» Material provided
::::
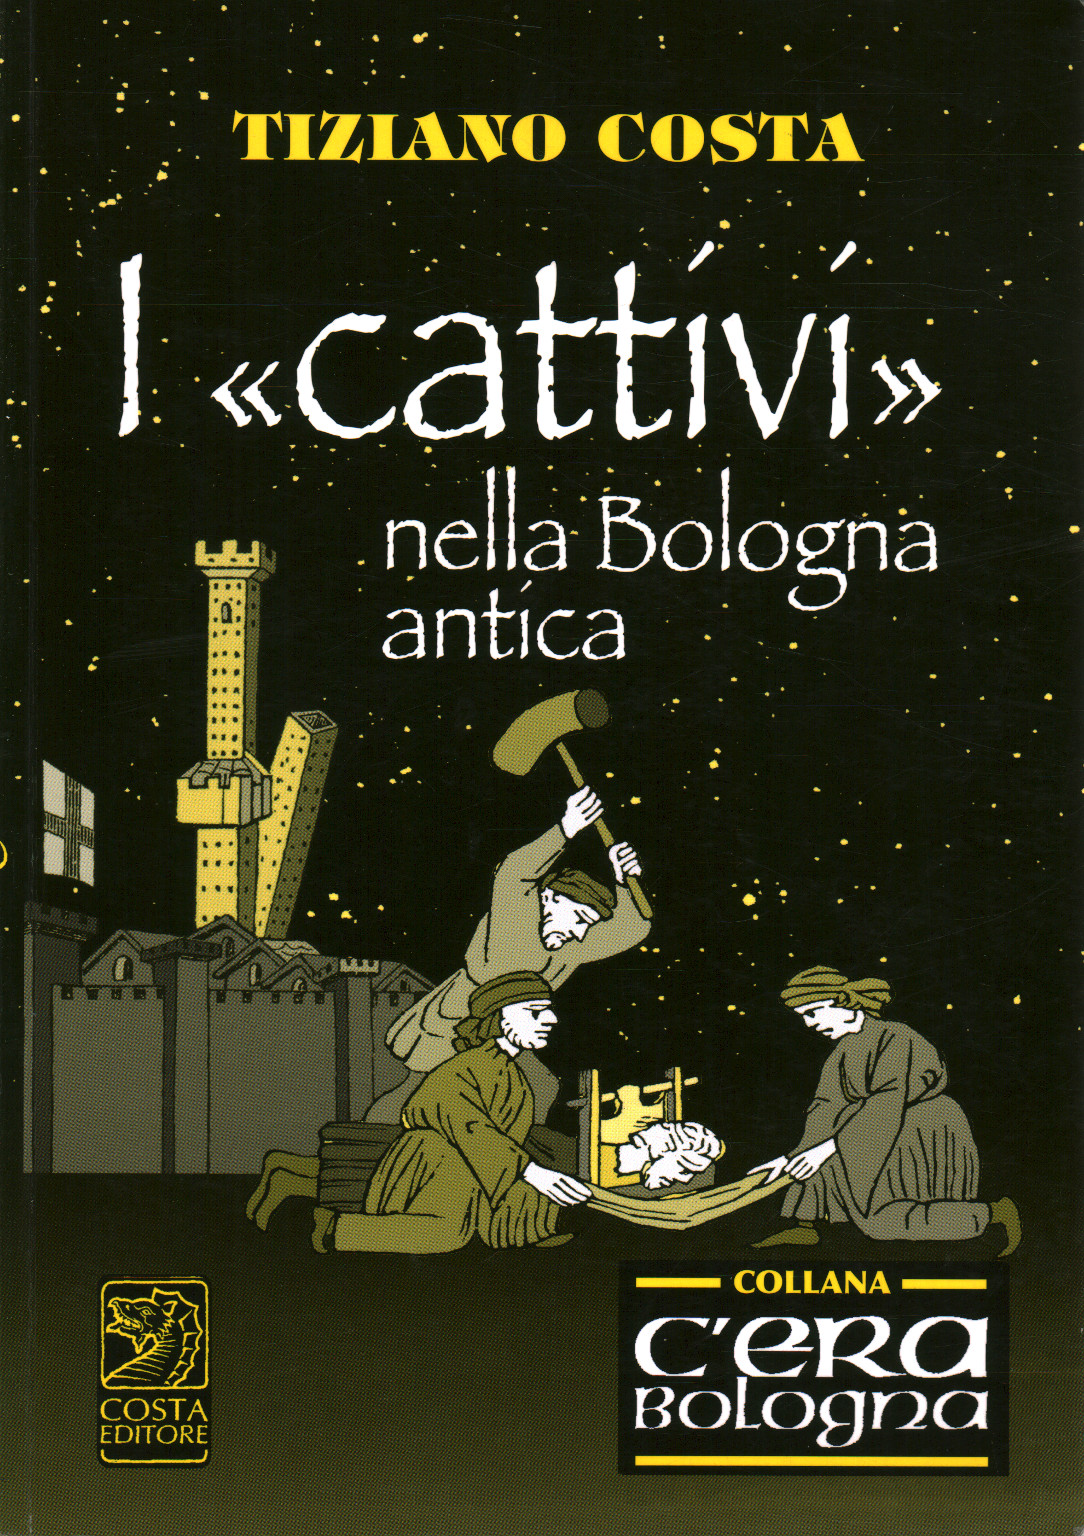 I "cattivi" nella Bologna antica, s.a.
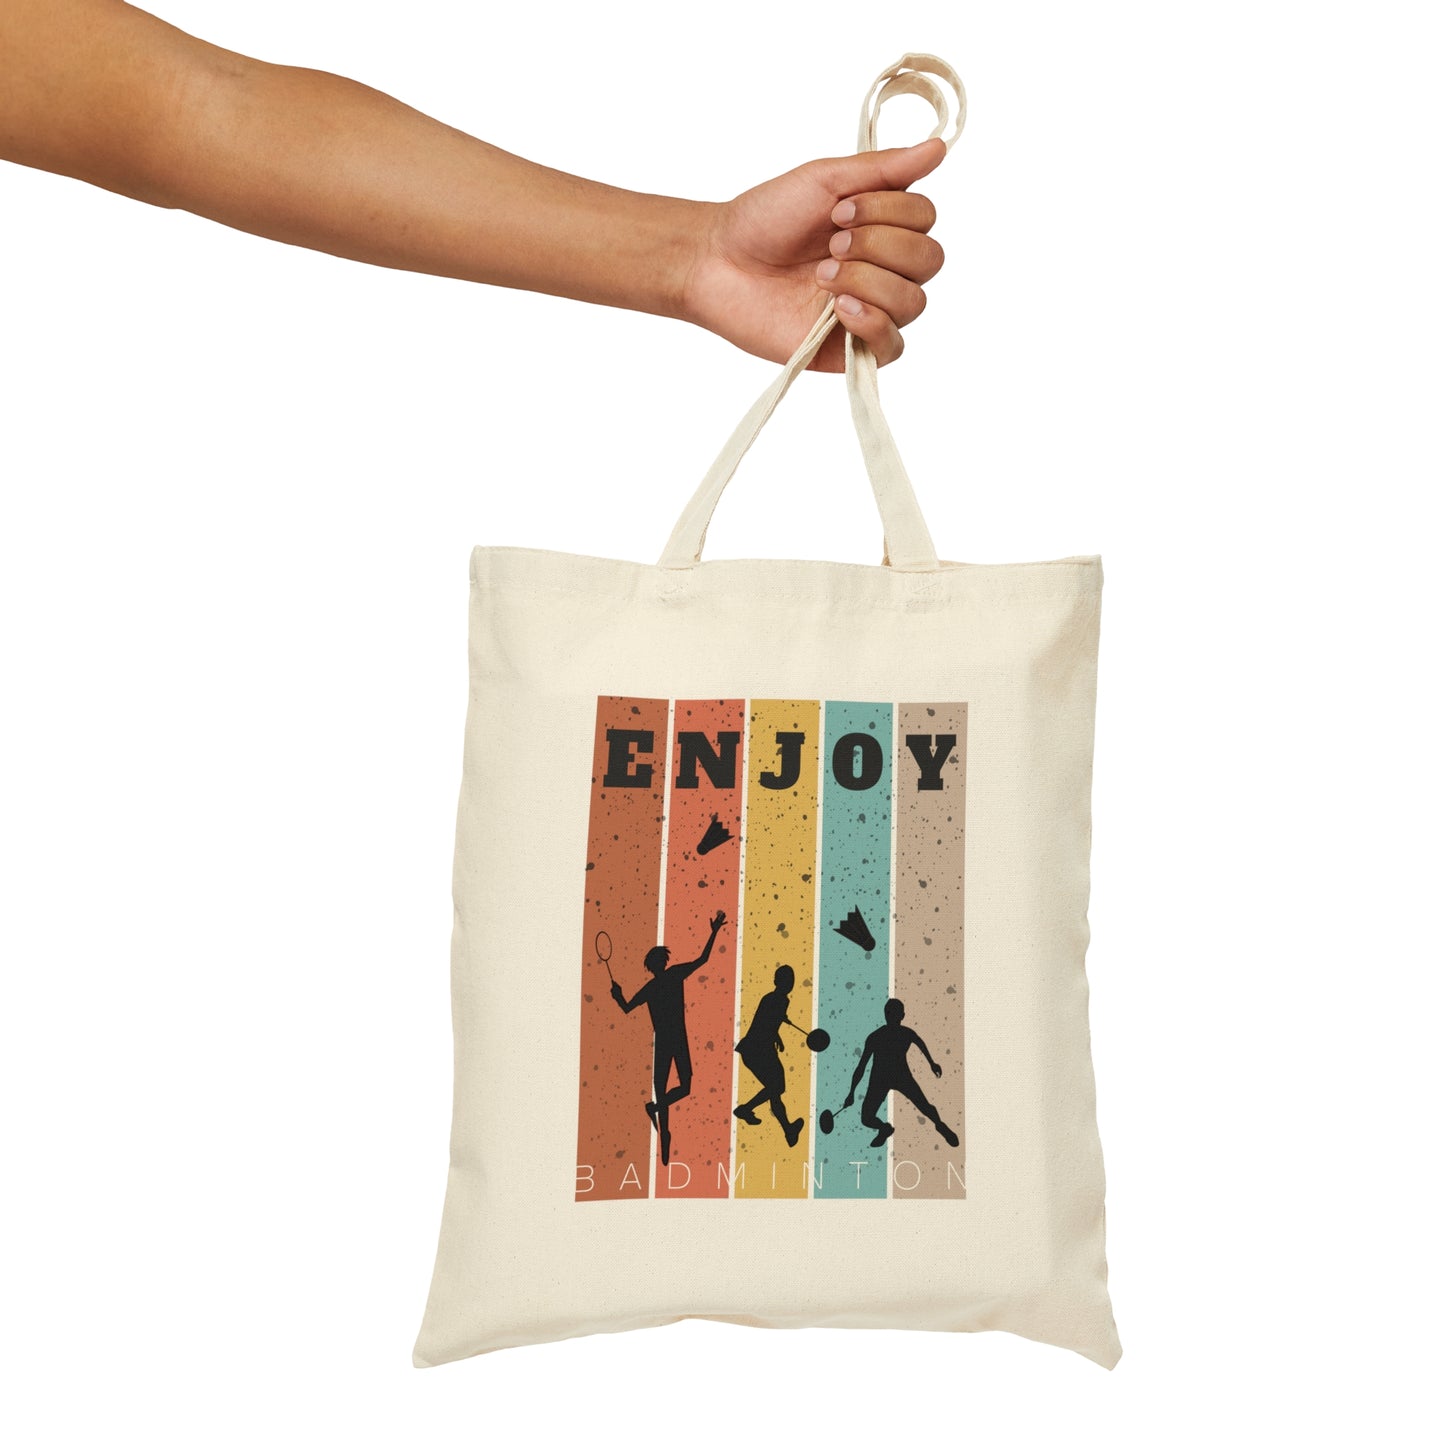 Enjoy Badminton Canvas Tote Bag
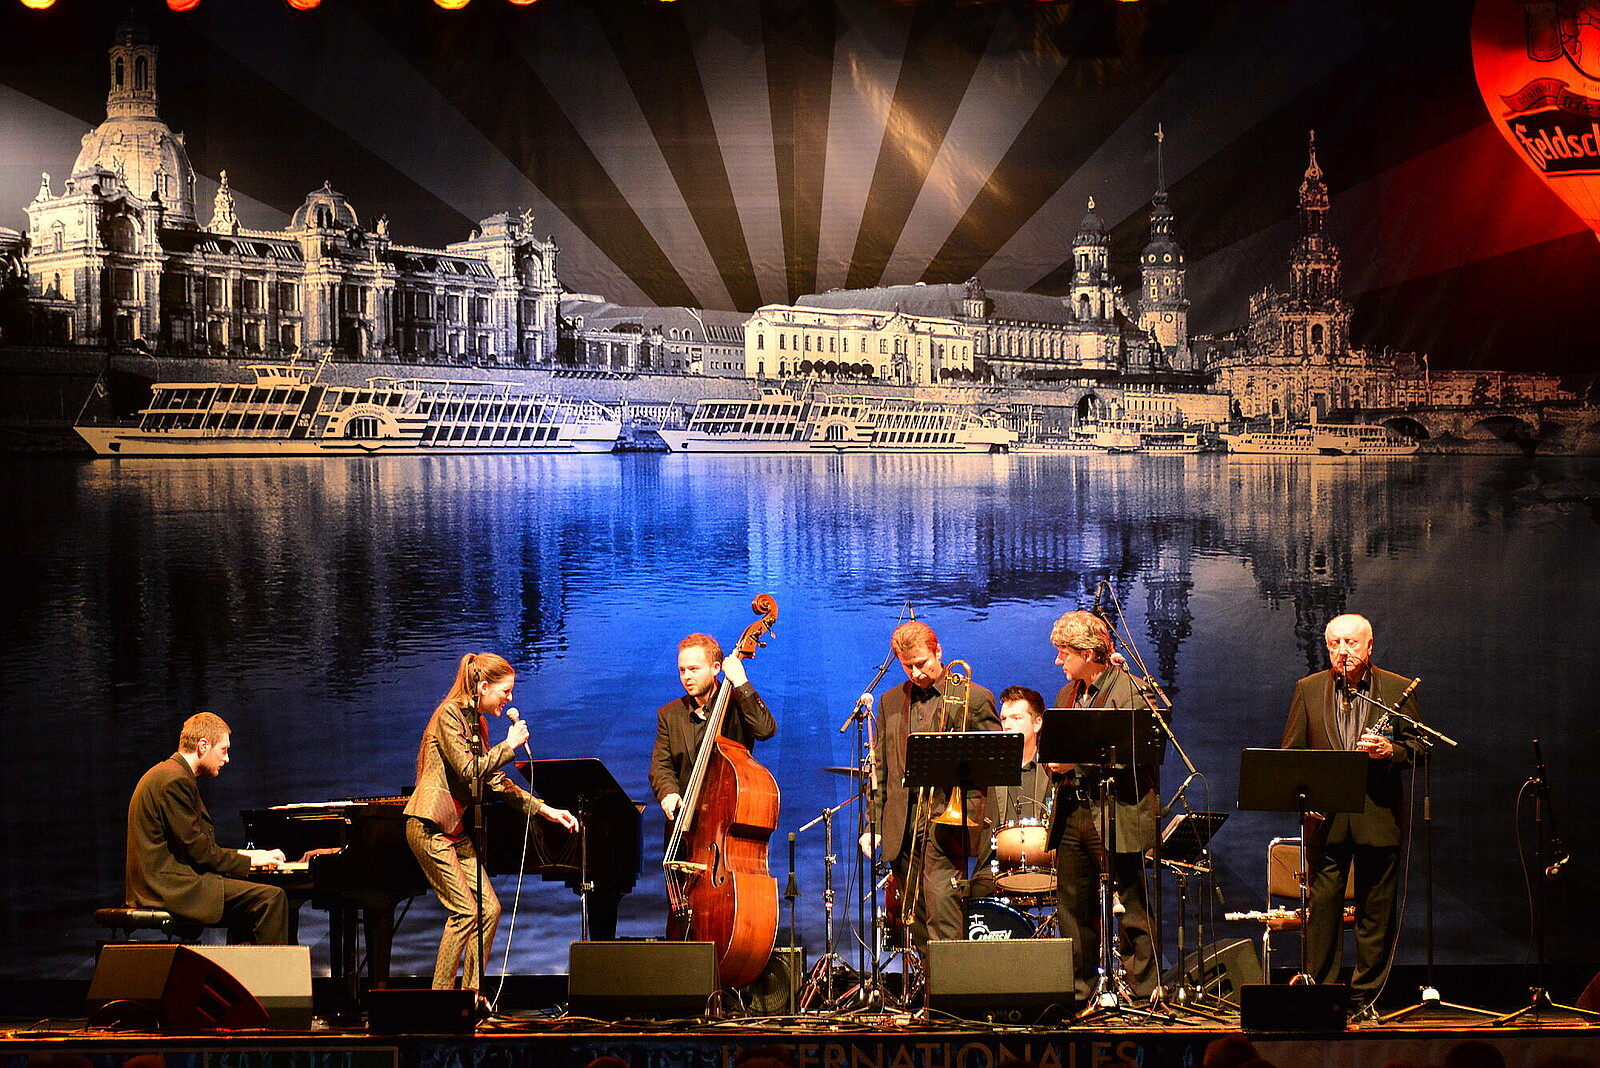 Der Jazz kommt ursprünglich aus den USA. In Dresden wurde er zu einem Volksfest und zahlreiche Gäste kommen zum Internationalen Dixieland-Festival nach Sachsen.
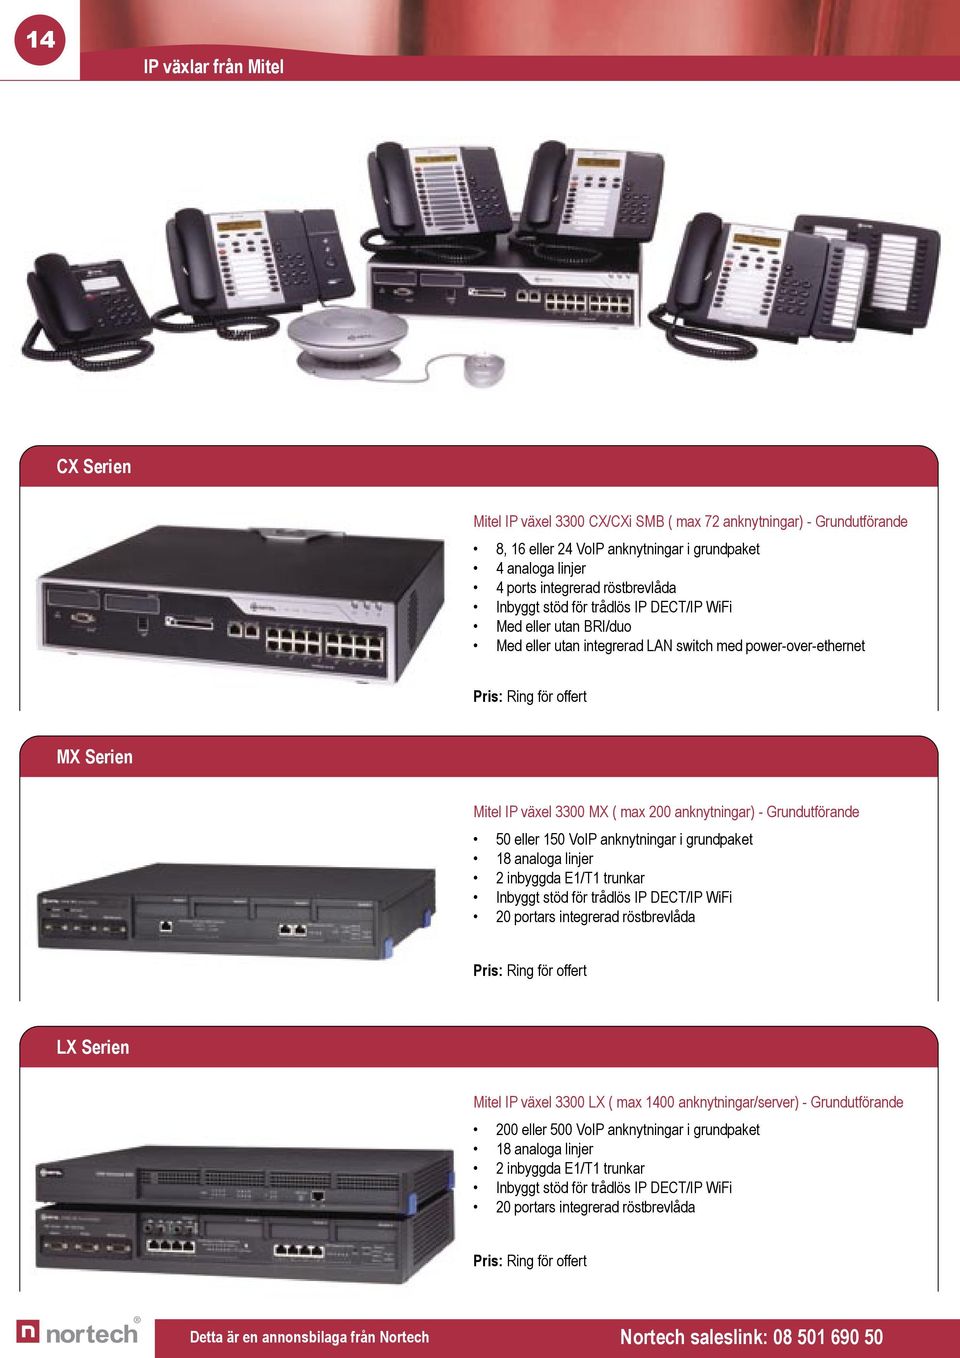 3300 MX ( max 200 anknytningar) - Grundutförande 50 eller 150 VoIP anknytningar i grundpaket 18 analoga linjer 2 inbyggda E1/T1 trunkar Inbyggt stöd för trådlös IP DECT/IP WiFi 20 portars integrerad
::::
» What is needed
Reproduce the lines above, exactly and exclusively, from the line containing "Enjoy Badminton Canvas Tote Bag" down to the last line, both included; pictures are not part of the copy.

» Solution
 Enjoy Badminton Canvas Tote Bag
 Der Jazz kommt ursprünglich aus den USA. In Dresden wurde er zu einem Volksfest und zahlreiche Gäste kommen zum Internationalen Dixieland-Festival nach Sachsen.
 3300 MX ( max 200 anknytningar) - Grundutförande 50 eller 150 VoIP anknytningar i grundpaket 18 analoga linjer 2 inbyggda E1/T1 trunkar Inbyggt stöd för trådlös IP DECT/IP WiFi 20 portars integrerad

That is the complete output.